Resource “ownership” in software is tricky. Poorly thought out ownership can lead to issues with memory management, lifetime management, and other problems that make you want to bang your head on the desk. In a language like C or C++, you were traditionally on our own, responsible for keeping track of ownership and lifetimes without help from the compiler or language itself. But these days, things are changing for the better.

Ownership in C++ and Rust

My colleague recently taught me a cool trick. I want to remember it (and share it!) so I’m writing it down. But it strikes me that his very simple, elegant solution to this problem is related to the type system of Rust and its cousins. So it seems like there’s really something going on here.

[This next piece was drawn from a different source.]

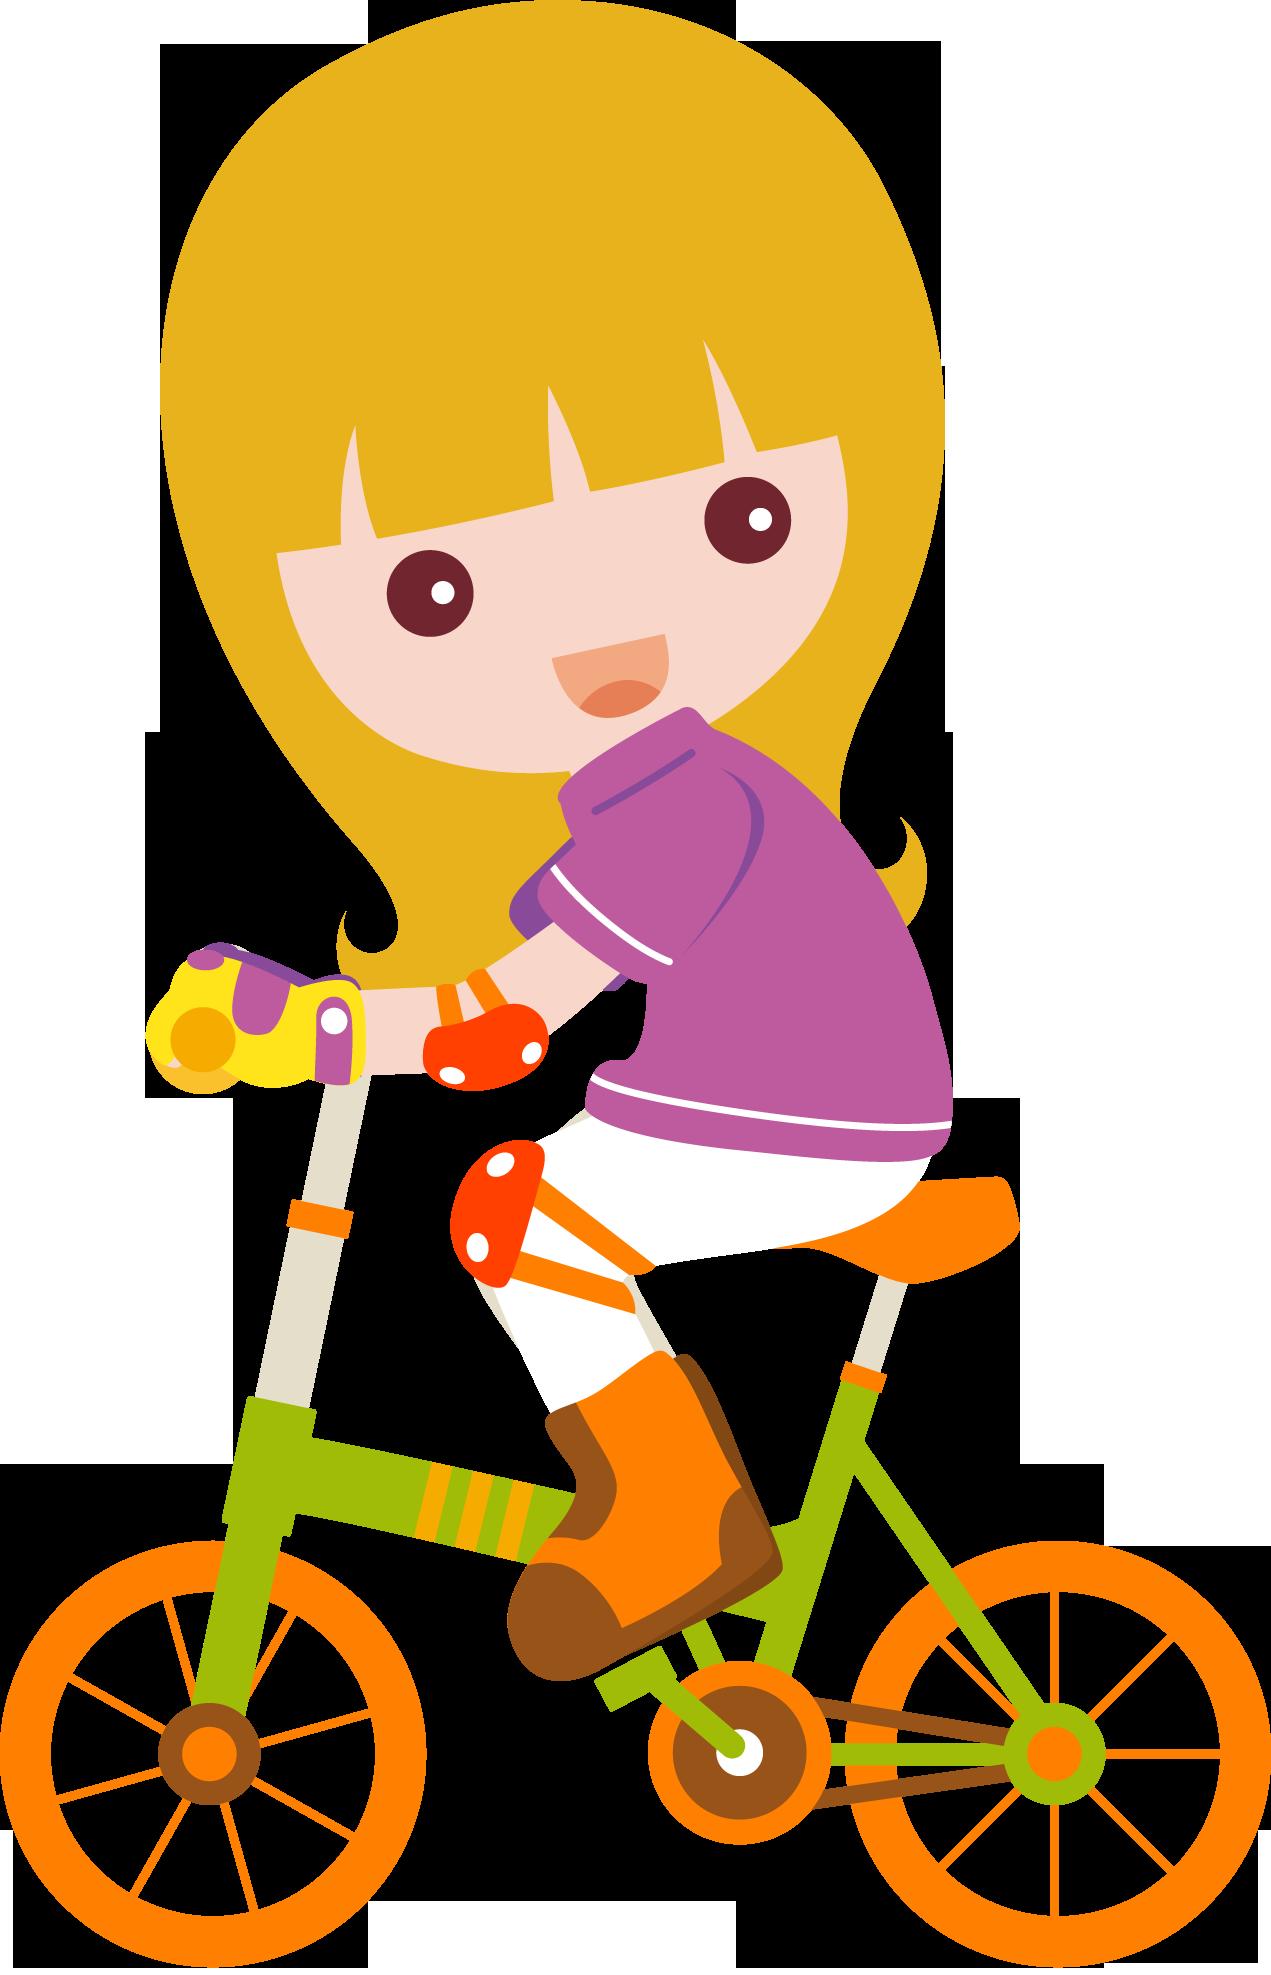 Bicicleta Imagenes Infantiles Bicicletas Ninos Ninos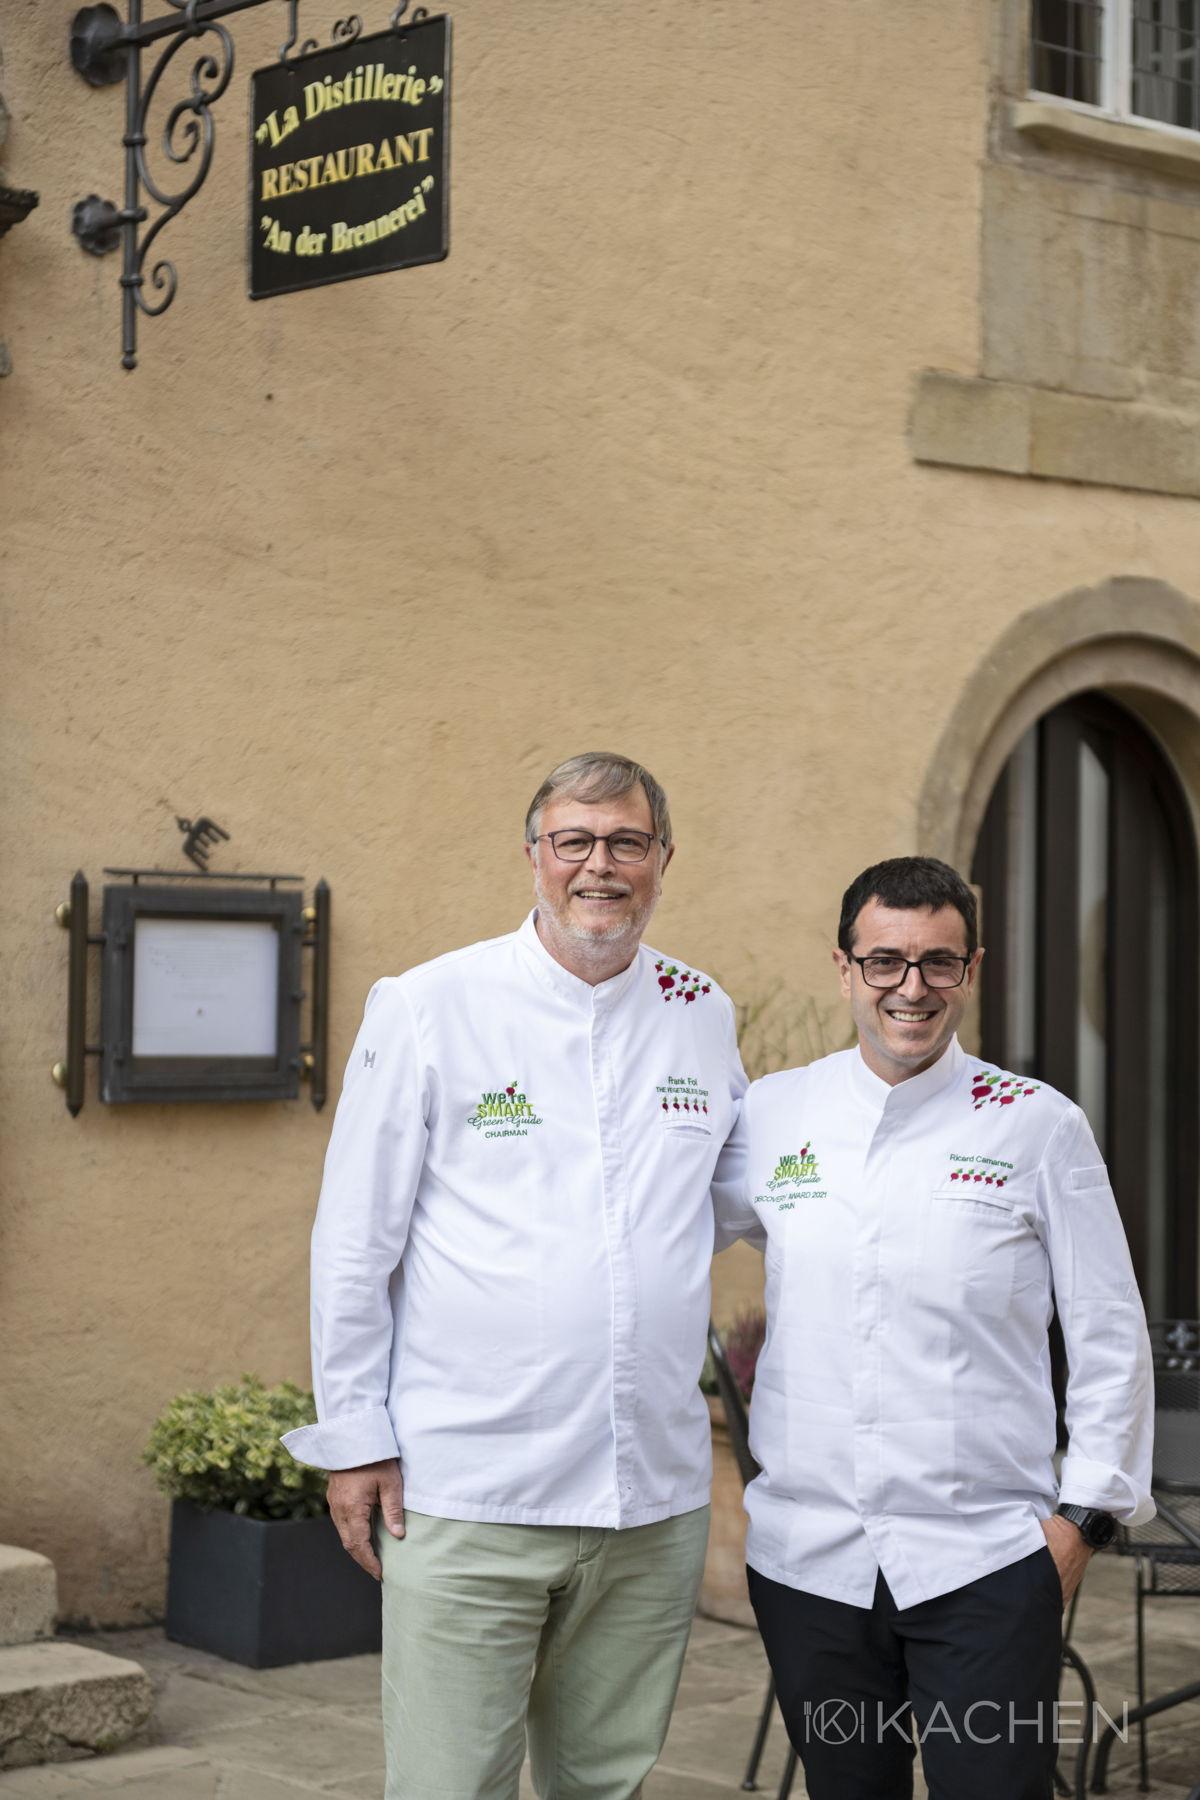 Frank Fol and Chef Ricard Camarena (Ricard Camarena) - winner We

Hmm.

For our purposes “ownership” refers to some object, function, or bit of code having access to a resource. Ownership doesn’t have to be exclusive; several objects may hold a reference to some other object, for example. We have a system that wants to pass an object from one part of the system to another, but we have some constraints (or at least desires):

  • The objects should have exactly one owner. Perhaps the objects aren’t thread safe and we’re moving them across thread boundaries. Whatever the reason, I believe that this requirement is not uncommon.

  • We’d like a way to explicitly pass ownership of the objects.

  • Further, it would be nice if this passing of ownership were reified in the code in such a way that it’s obvious that the caller is giving up access to the object. At the very least, this reminds us (as programmers) not to use the object any more.

It turns out that this is pretty much the way Rust works by default:

fn foo(x: X) {
    // print stuff from x, say
}

let x = X { val: 0 };
foo(x);
println!("hey val {}", x.val);

This code will not compile because ownership of x is transferred to foo. Further, the compiler is able to tell us at compile time that we would be using an object we relinquished if we tried to print from it. Wow! That really solves the problem above, because not only can we “reify” the transfer (ownership is transferred by default, even), the compiler won’t even let us use the object in a potentially unsafe way.

C++, rvalue references, and so on

The situation is a bit different in C++, but way better than a decade or so ago. My colleague’s solution to the problem above was to create an API in which objects are passed by rvalue reference. I don’t want to go in to the details about what exactly these are; here’s one good explanation and of course Scott Meyers also has a very good explanation. For our purposes, these are a device that lets us differentiate lvalues from rvalues. Here’s what I mean:

void foo(X&& x) {
    // do stuff with x
}

How does this function behave from a caller’s perspective? Here’s the cool thing: we can call it with a temporary. We can call it by std::moveing an object of type X. But we can’t pass it an lvalue! Note that this satisfies many of the criteria above: temporaries can’t be held by several threads at once because, you know, they’re temporary. If we use std::move to pass an object, we must think deliberately to do so, and in the process remind ourselves that we are in fact relinquishing control of the object. Finally, if we try to pass something to the other side but keep control of it ourselves, we won’t be able to (because it won’t compile).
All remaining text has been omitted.